Pictured is a 10 Wheeler now owned by the Walt Disney World in Orlando. It was built by the Baldwin Locomotive Works of Philadelphia in 1925. They built 4 narrow gauge units for the United Railways of Yucatan, Mexico. It was rescued by Disney in 1960, restored and set to run in Disney World Railroad. Walt Disney was a well know railroad enthusiast. He had a 2600 foot 1/8 scale railroad in his back yard called the Carolwood Pacific.

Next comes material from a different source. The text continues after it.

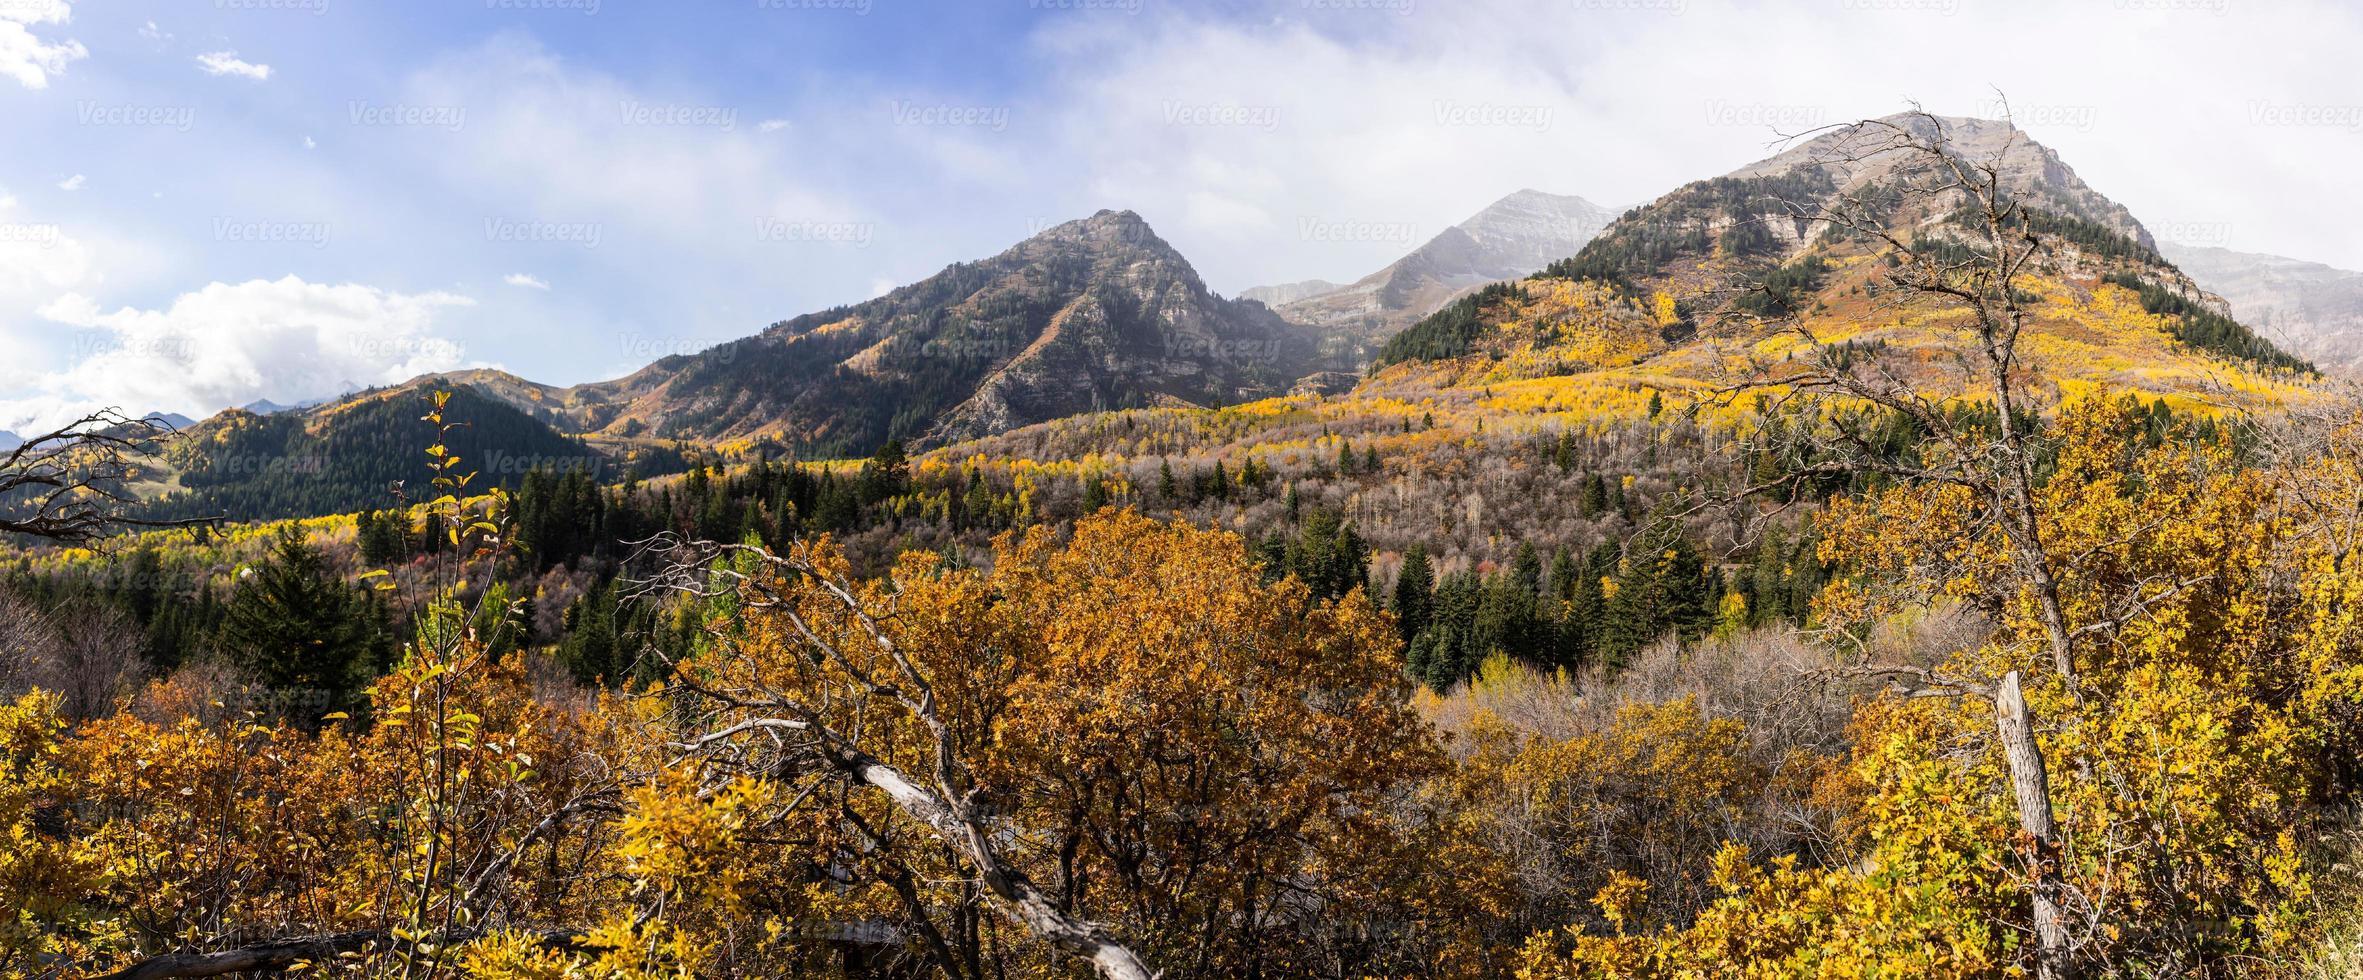 herfst in de wasatch-bergen langs de Alpenlus (Utah) foto

My family and I had the pleasure of a 5:00 am arrival at the Disney World Railroad yard and saw the lighting of the engines, the sprawling yard and taking the first run of the day. Very interesting.


----------



## batstang2000 (Oct 26, 2015)

The Roger E. Broggie was recently (06/12/2019) transferred to Strasburg for an overhaul. It is expected to be returned to WDW in 2022-2023
I also took the "Behind the steam trains tour" at WDW in October 2018. Here I am standing next to it.


----------



## Guest (Jun 29, 2019)

Mike, great pictures. What really caught my attention is that you took those photos from US1 in Maine and I was driving on US1 in Florida this morning. We are about 1500 miles apart and we were on the same road today. I find it amazing that US1 runs from Key West to the Maine-Canada border.


----------



## kstrains (Sep 19, 2015)

Wood said:


> Pictured is a 10 Wheeler now owned by the Walt Disney World in Orlando. It was built by the Baldwin Locomotive Works of Philadelphia in 1925. They built 4 narrow gauge units for the United Railways of Yucatan, Mexico. It was rescued by Disney in 1960, restored and set to run in Disney World Railroad. Walt Disney was a well know railroad enthusiast. He had a 2600 foot 1/8 scale railroad in his back yard called the Carolwood Pacific.
> 
> My family and I had the pleasure of a 5:00 am arrival at the Disney World Railroad yard and saw the lighting of the engines, the sprawling yard and taking the first run of the day. Very interesting.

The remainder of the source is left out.